◆ About this exercise
From the entries below, print exactly the span beginning with the line holding "RadioLiberaMente" and ending with the line holding "Ourbright Dental Website", endpoints included, and skip any pictures.

◆ Given data
* * * *

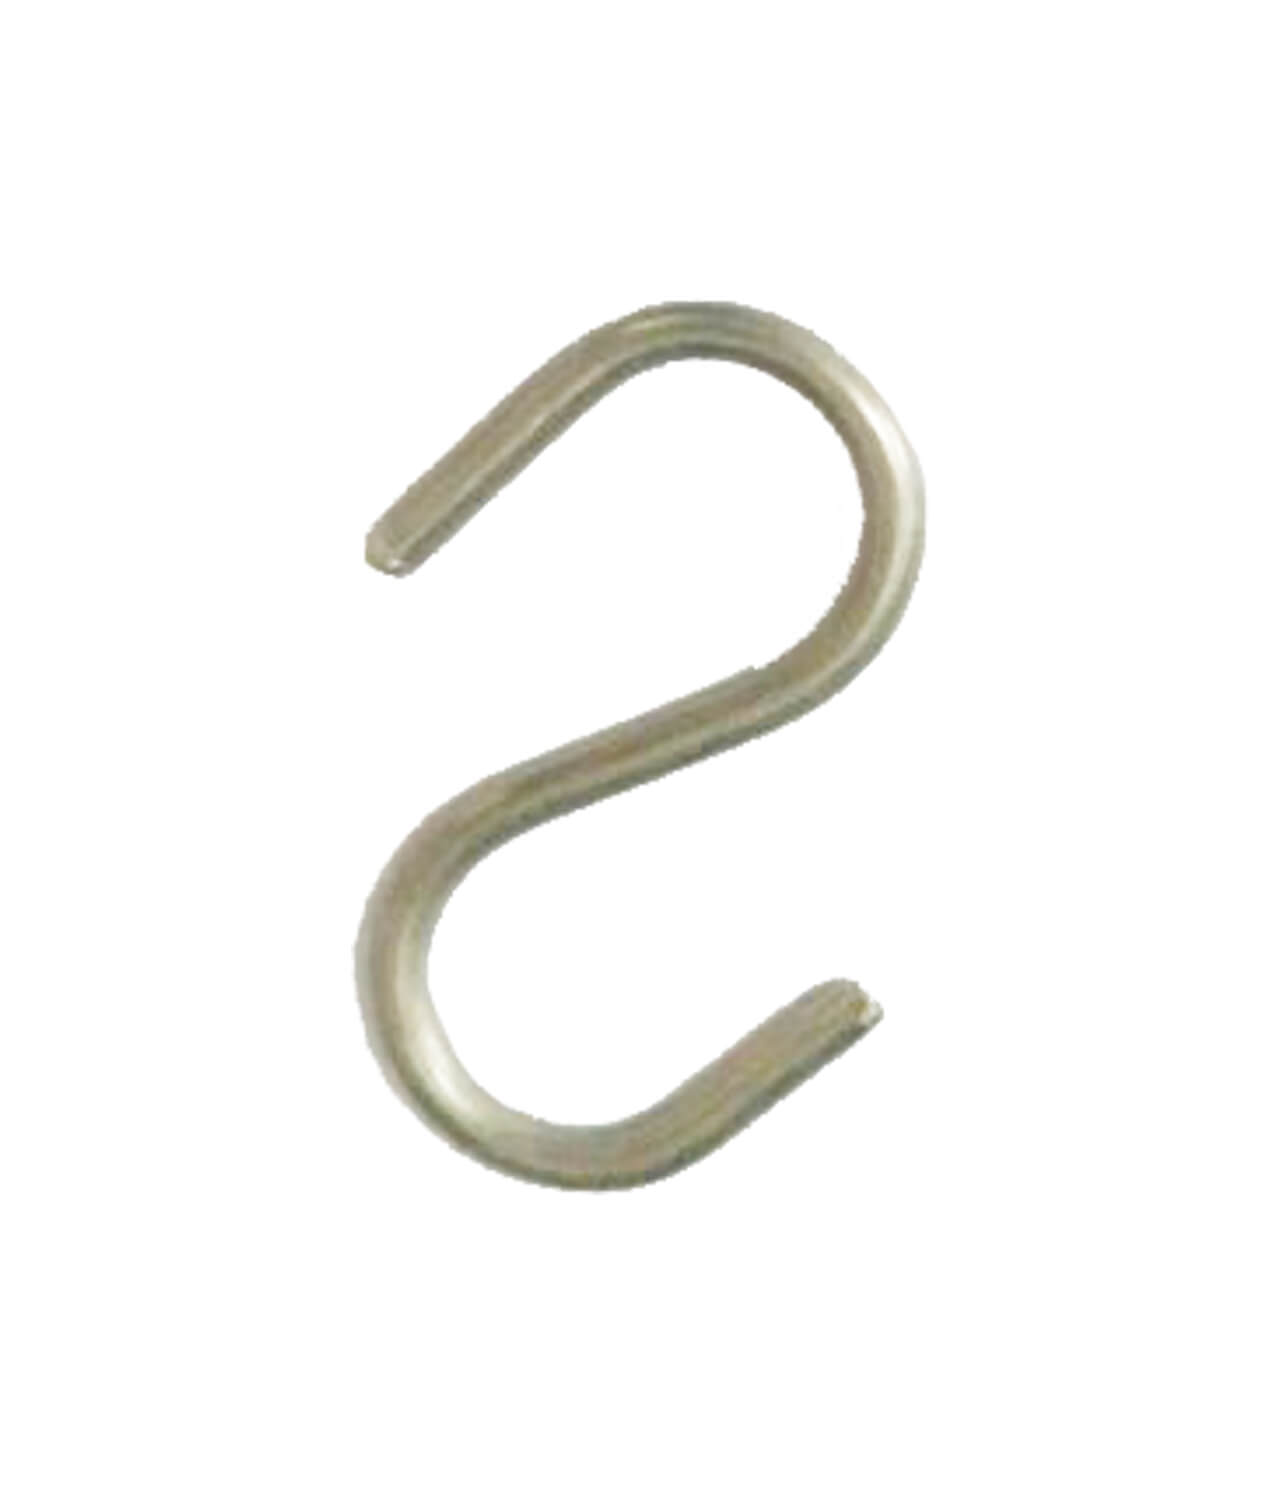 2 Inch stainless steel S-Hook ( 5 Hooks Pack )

* * * *

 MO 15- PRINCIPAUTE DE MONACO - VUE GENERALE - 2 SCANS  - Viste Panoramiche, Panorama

* * * *

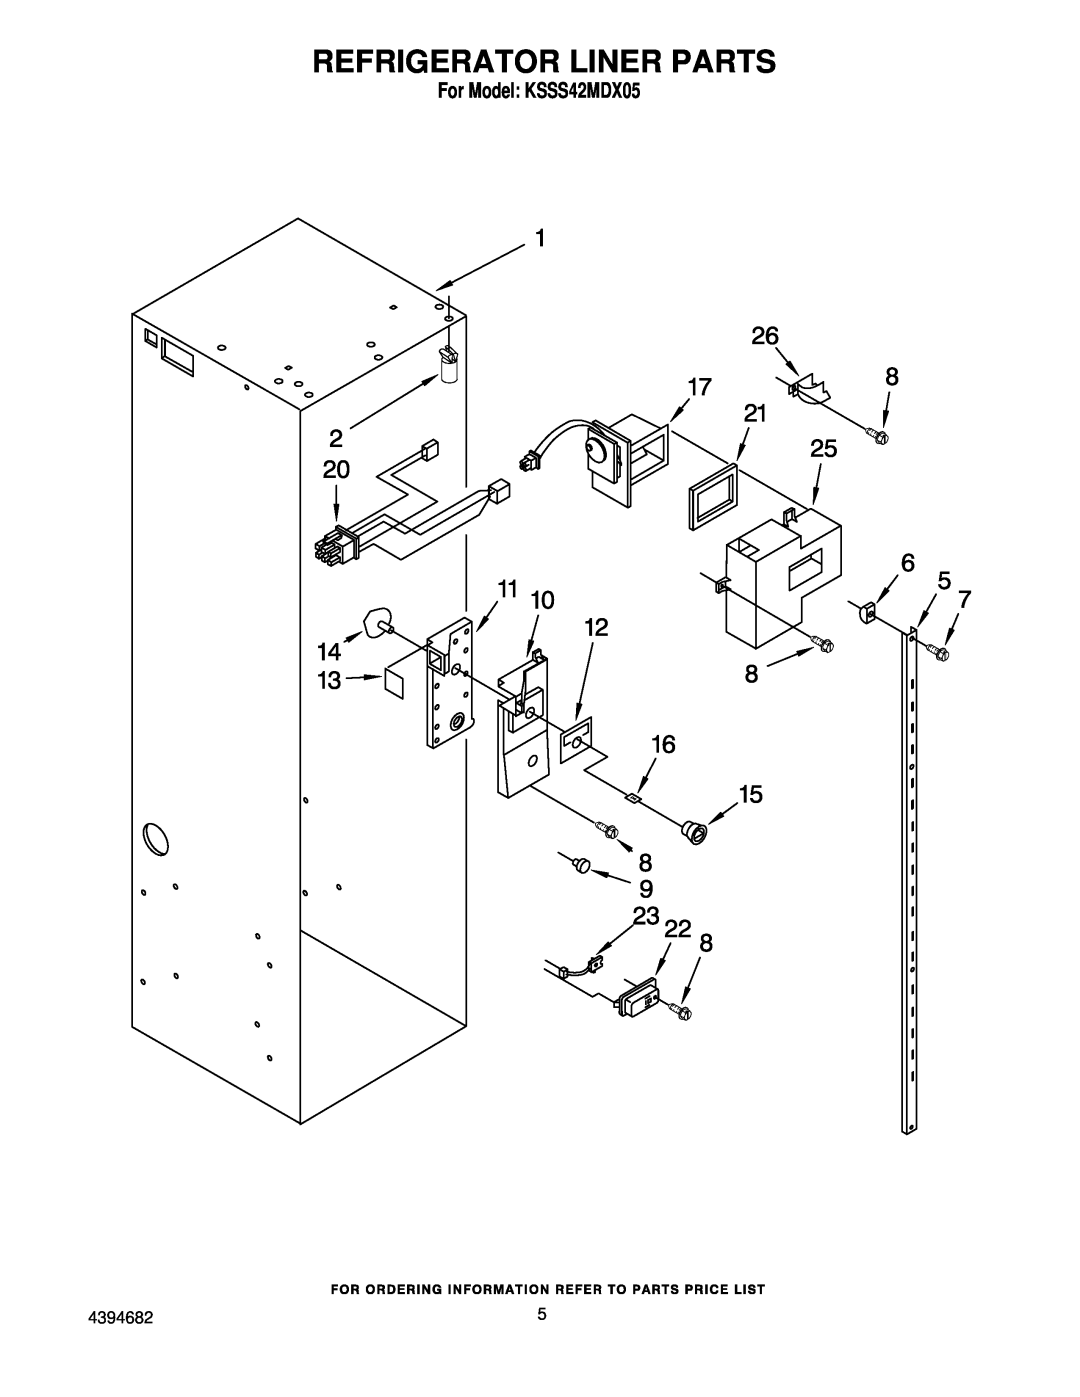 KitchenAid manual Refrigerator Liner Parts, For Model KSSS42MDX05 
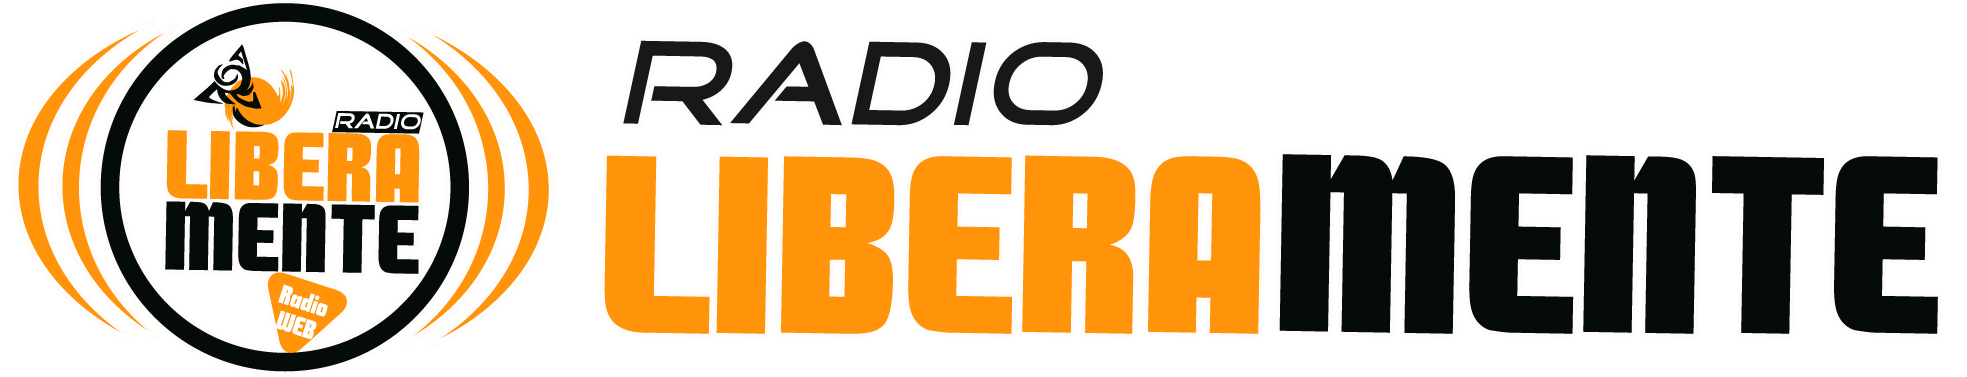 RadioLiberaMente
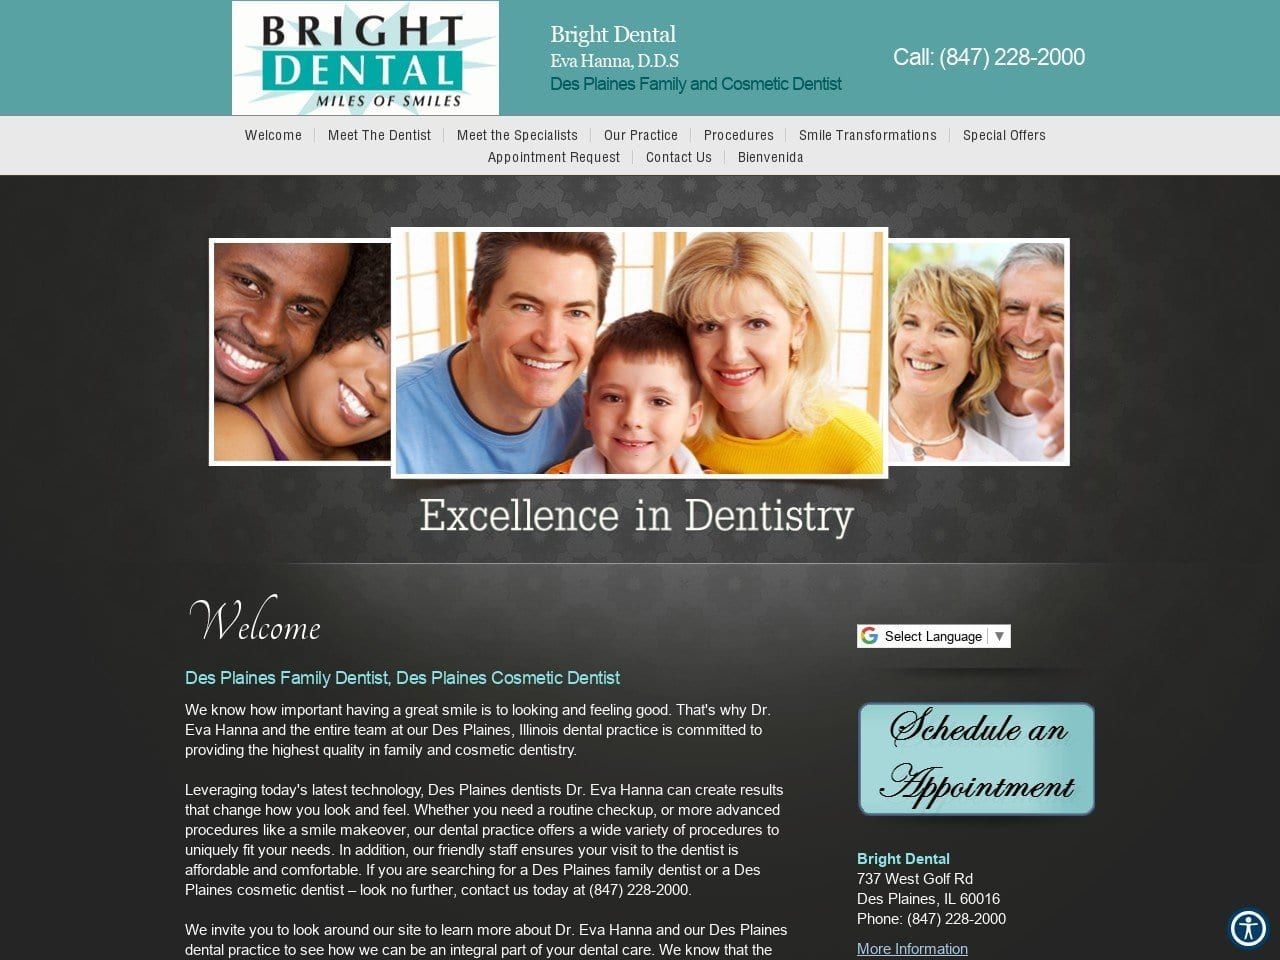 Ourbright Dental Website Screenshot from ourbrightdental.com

* * * *

◆ Answer box
 RadioLiberaMente
 Ourbright Dental Website Screenshot from ourbrightdental.com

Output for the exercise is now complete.